About cancer pain

Having cancer does not mean you will have pain. But if you have pain there are different medicines and treatments than can help. These include non-drug treatments and things you can do to help relieve pain.

The amount of pain a person has is not related to how advanced a cancer is. Pain does not always get worse as cancer develops. Some people may not experience any pain.

Related Stories & Media

How we experience pain

Physical pain is usually caused by an injury or illness in the body. Nerves in the damaged part of the body send warning signals to the brain. The brain responds by making us feel pain or discomfort. 

But pain is also an emotional experience. How we feel can be linked to how we experience pain. Pain can feel worse when we feel anxious and easier to cope with when we are more relaxed.
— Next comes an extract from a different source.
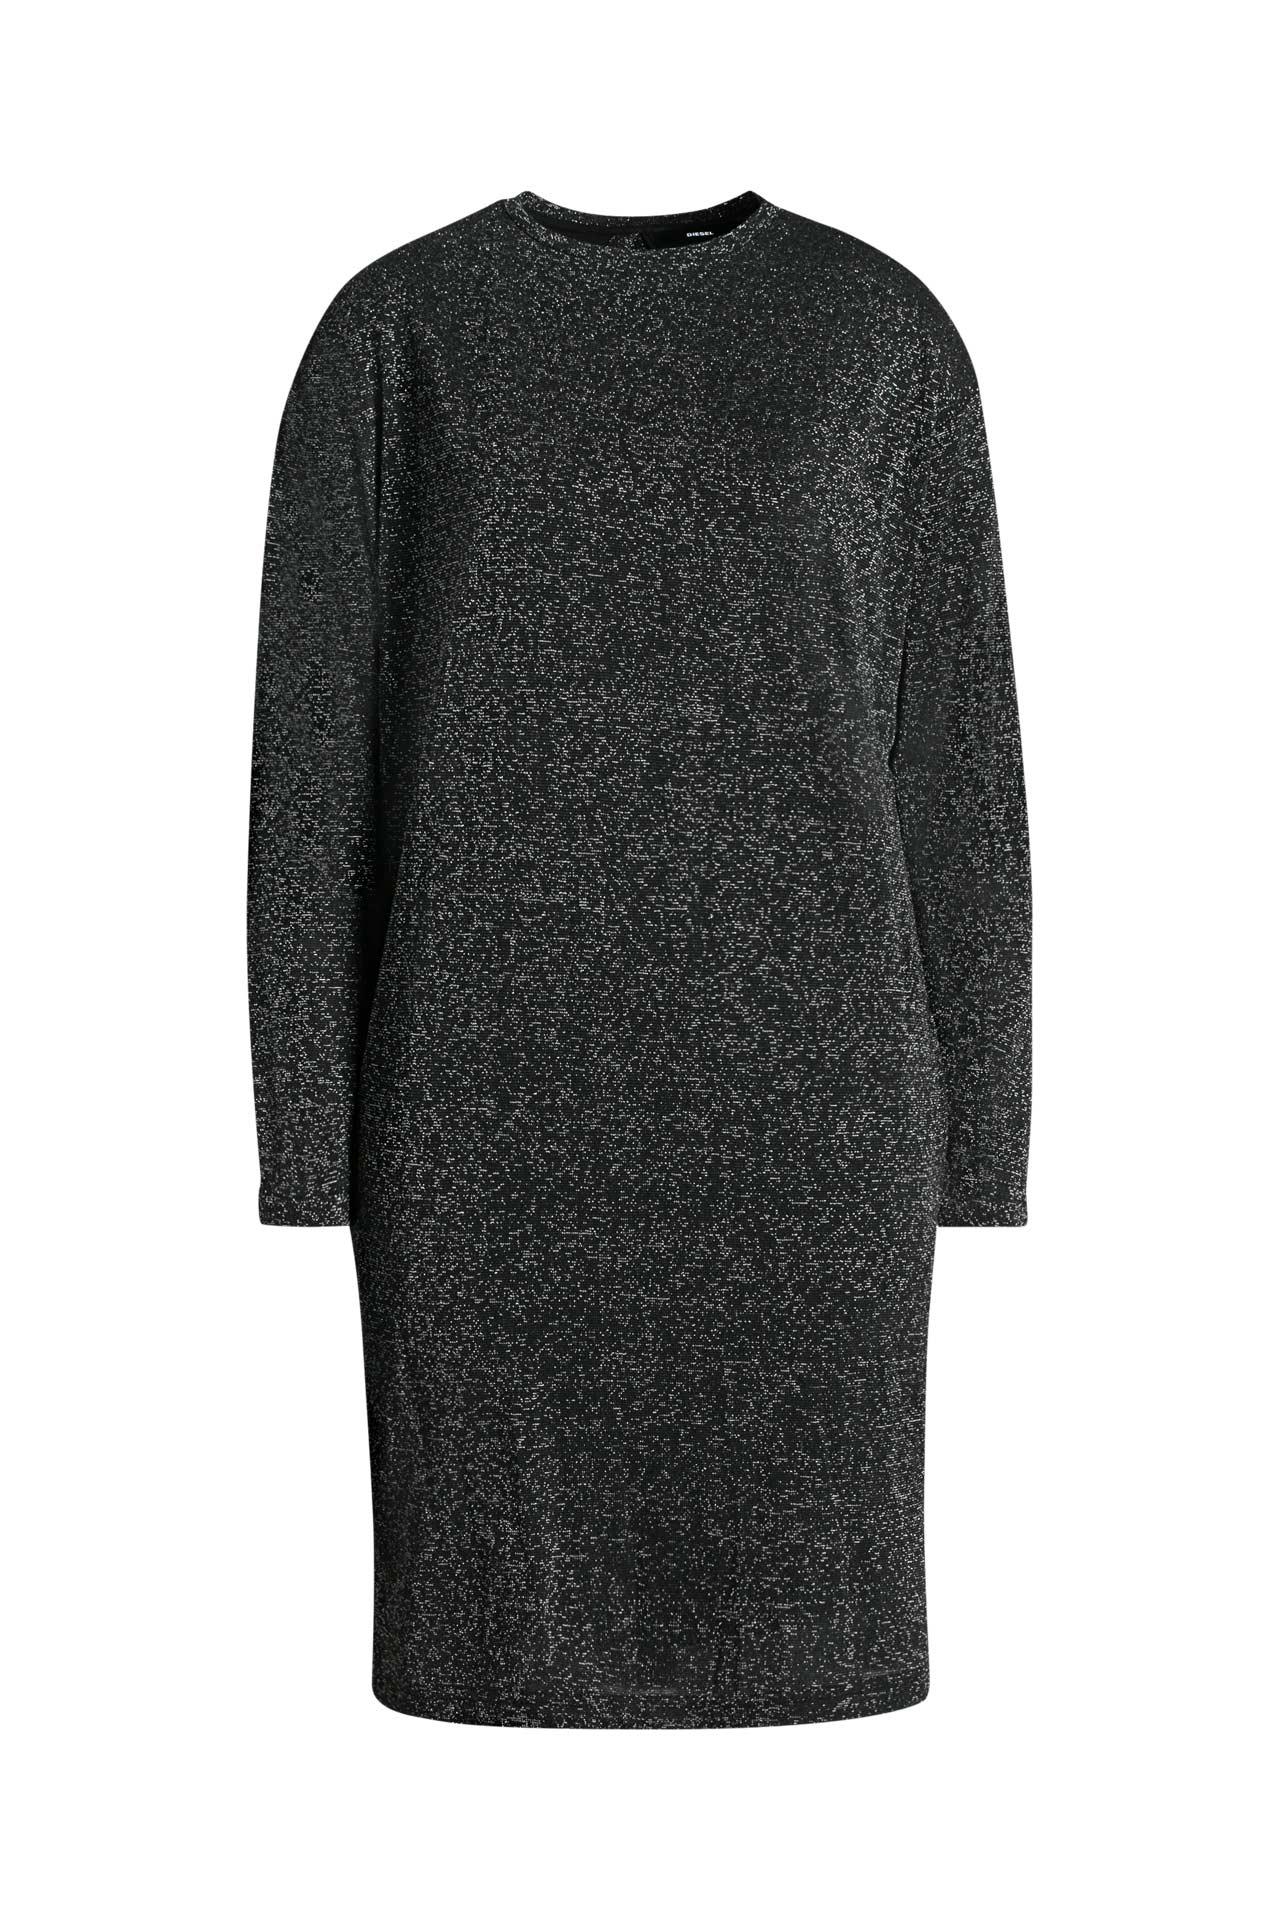 Kleid schwarz - DIESEL » günstig online kaufen ...

When pain is not treated, it is common to feel anxious, irritable, frustrated and depressed. Tiredness and lack of sleep also make pain feel worse and harder to cope with. Your home or work life and the people around you can also have a positive or negative effect on pain.

Controlling pain

Different health professionals can help to make sure the pain is well controlled. This can help you to keep doing the things in your life that are important to you.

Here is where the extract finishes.